__What to work on__: Go through the listing and set it down exactly, leaving out its pictures.

__Stored data__:
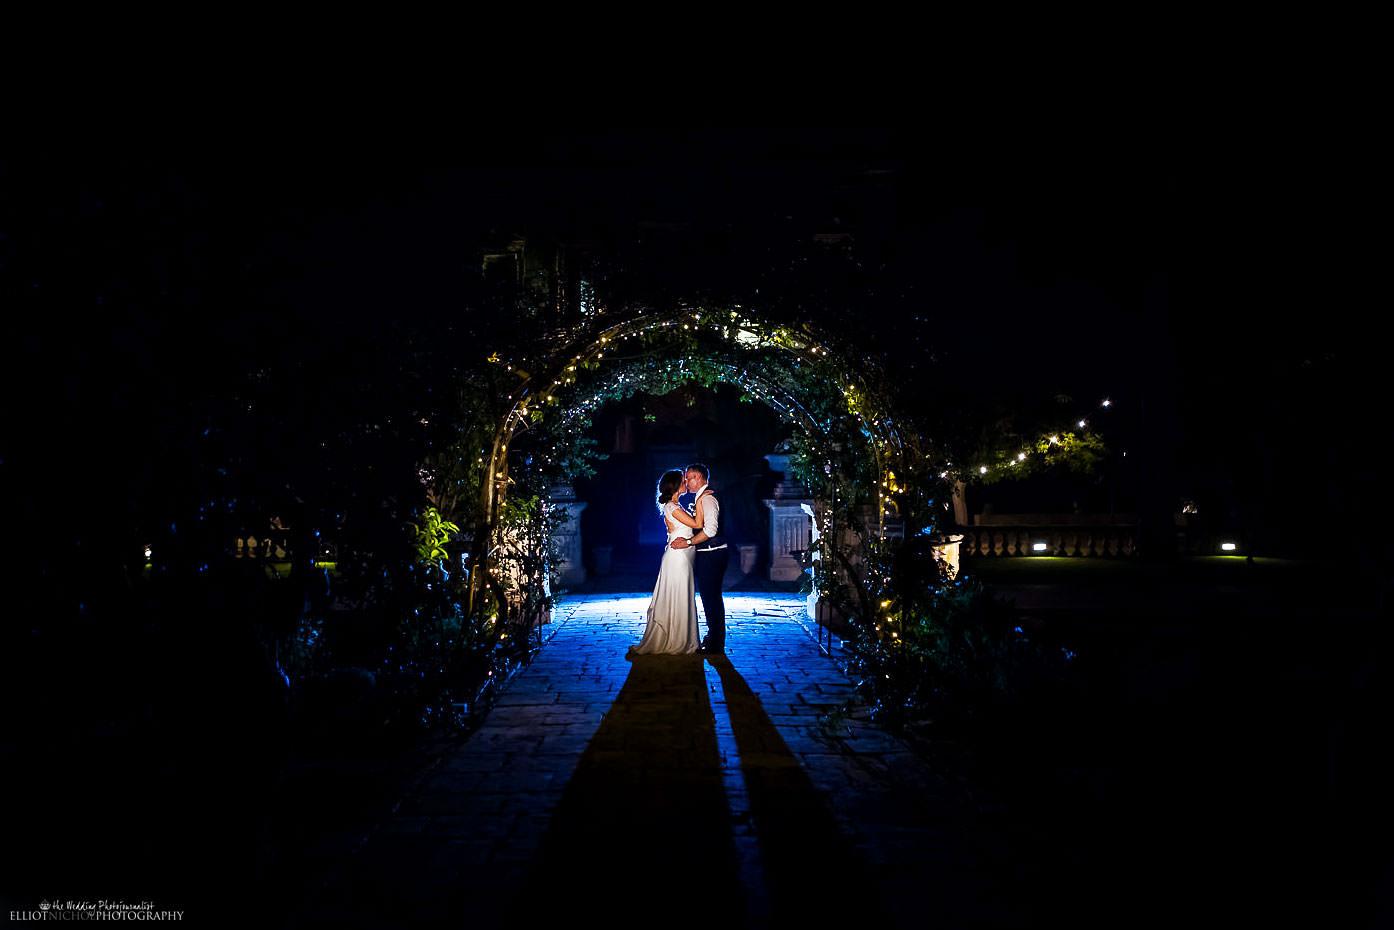 Villa Bologna night wedding photography in Malta.
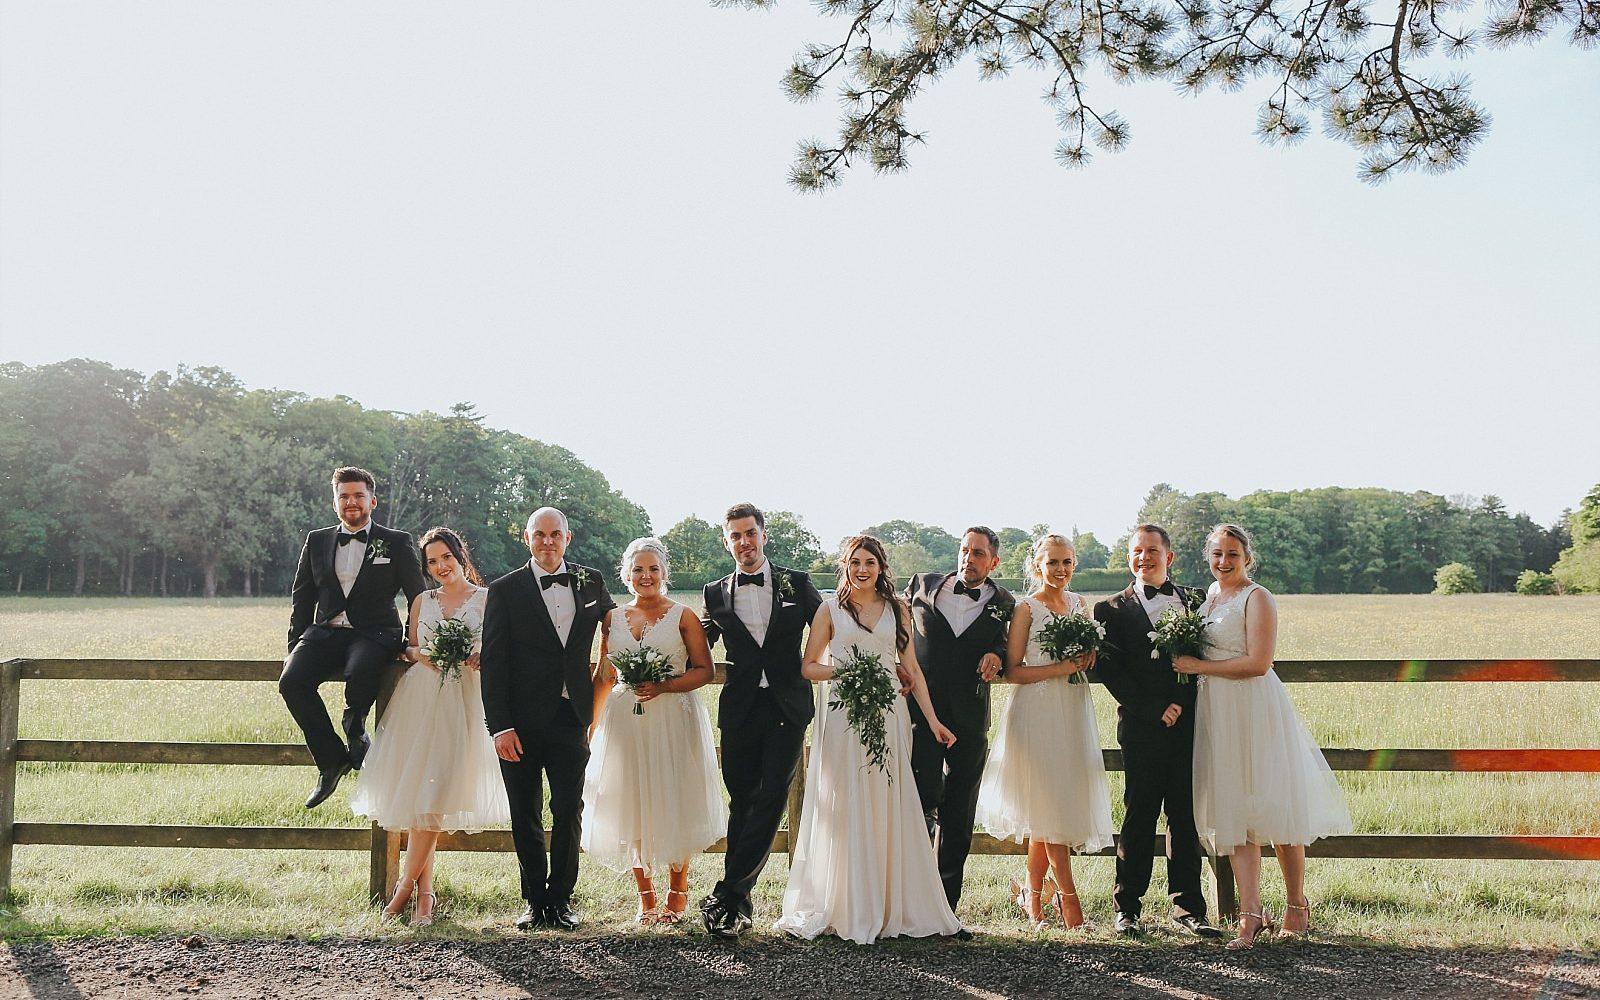 Thornton-Manor-Wedding-Photographer-embee-Photography-Liverpool-0230
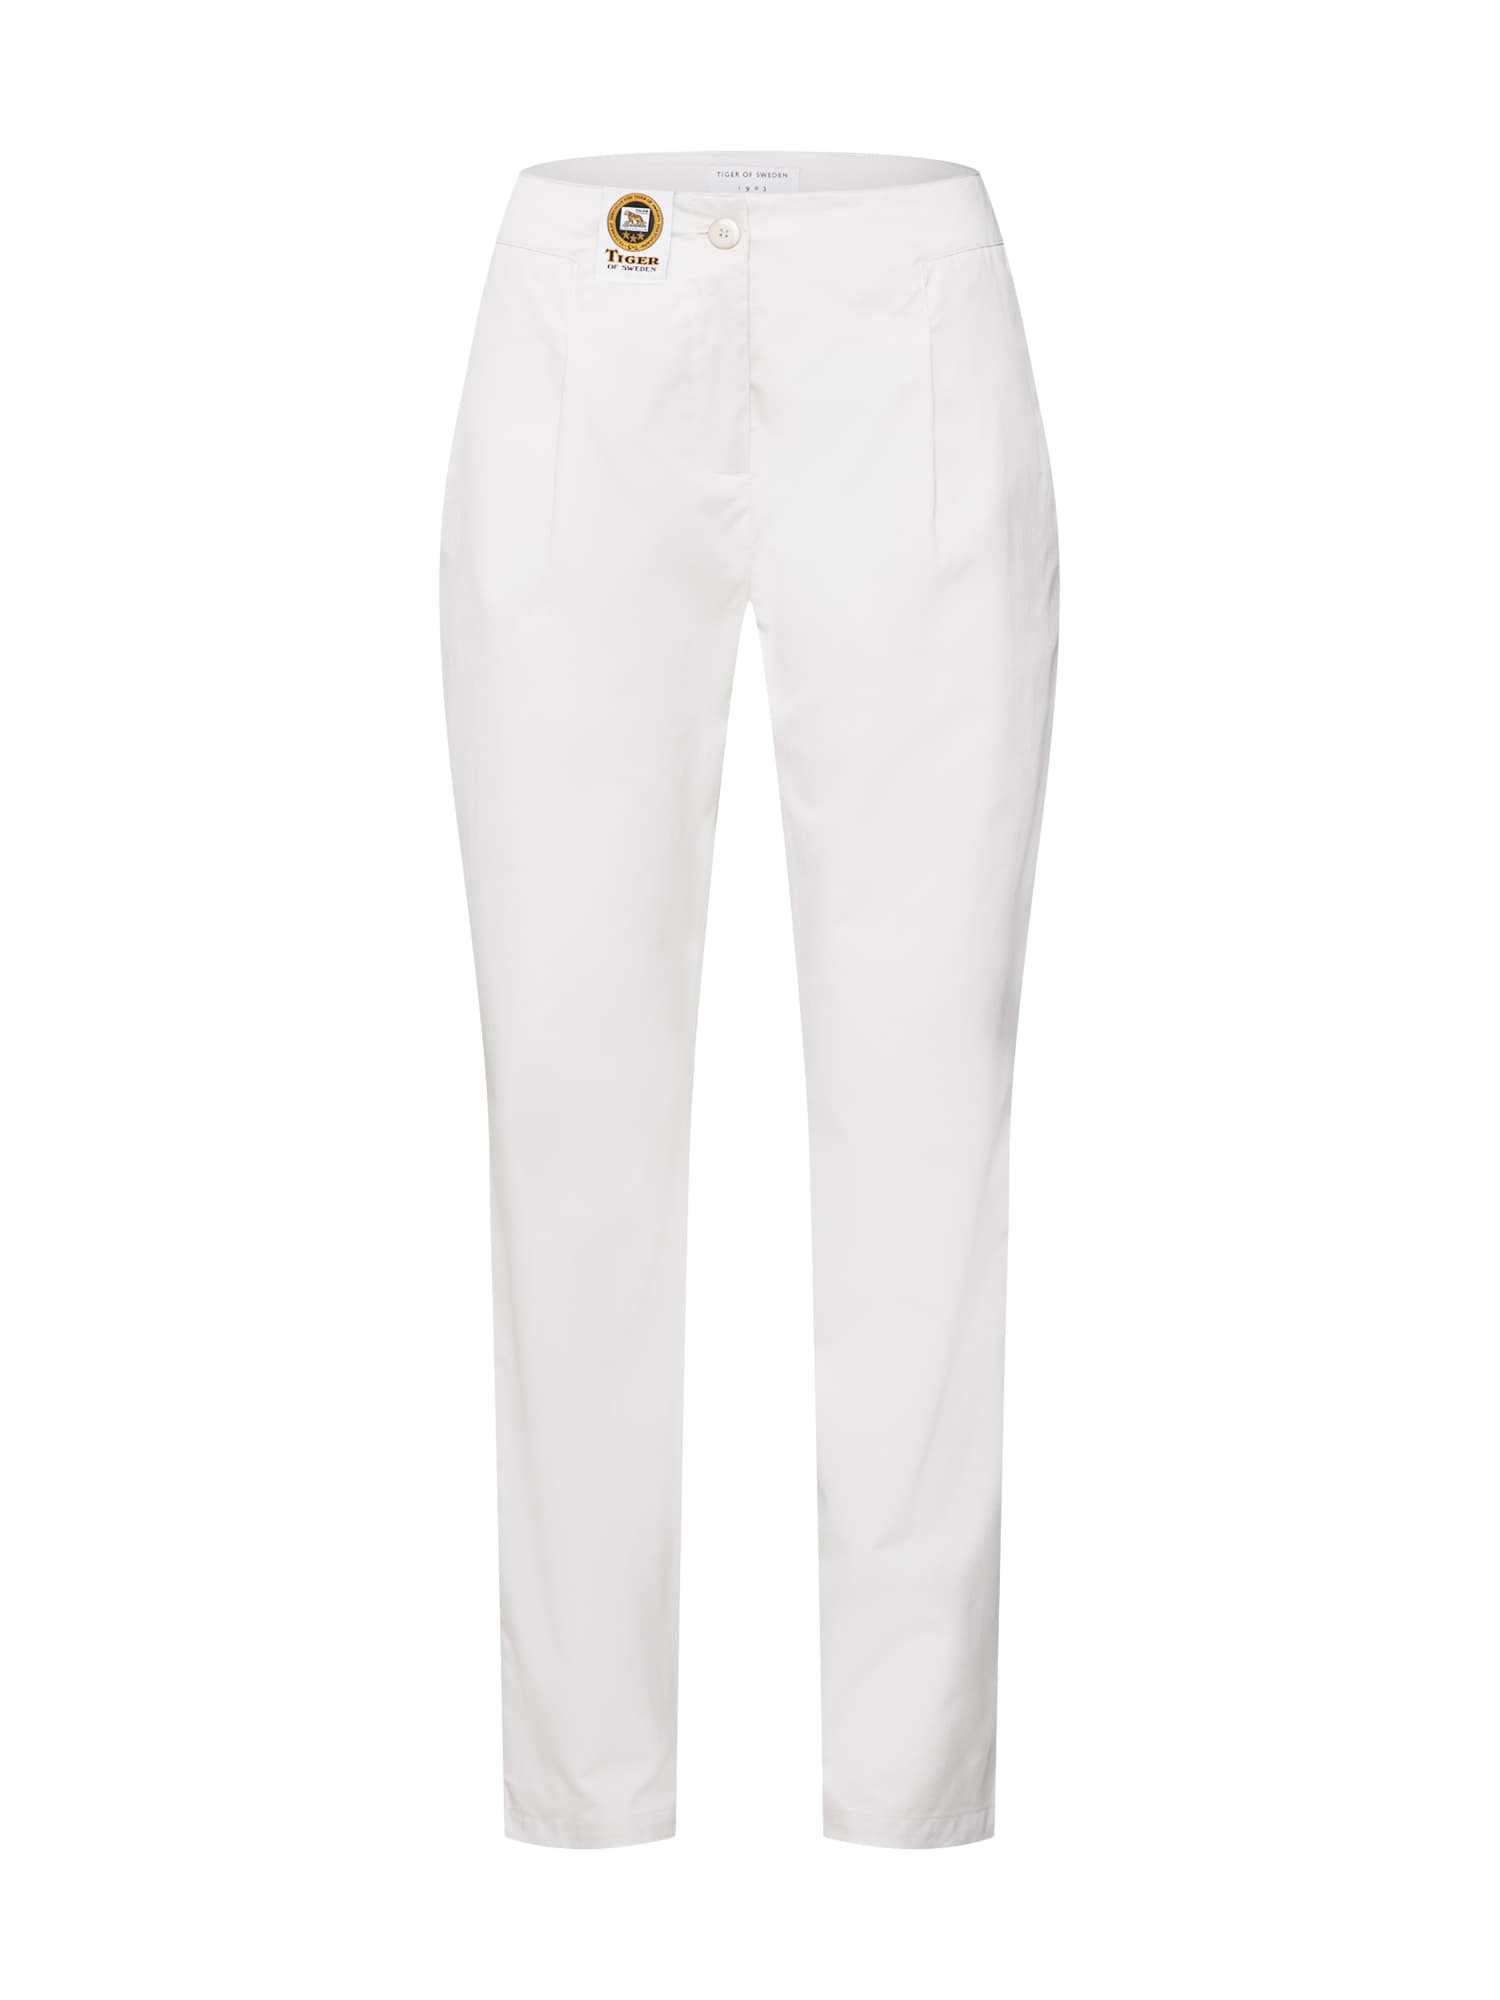 Kalhoty se sklady v pase ARA krémová Tiger Of Sweden

__Completed task__:
 Villa Bologna night wedding photography in Malta.
 Thornton-Manor-Wedding-Photographer-embee-Photography-Liverpool-0230
 Kalhoty se sklady v pase ARA krémová Tiger Of Sweden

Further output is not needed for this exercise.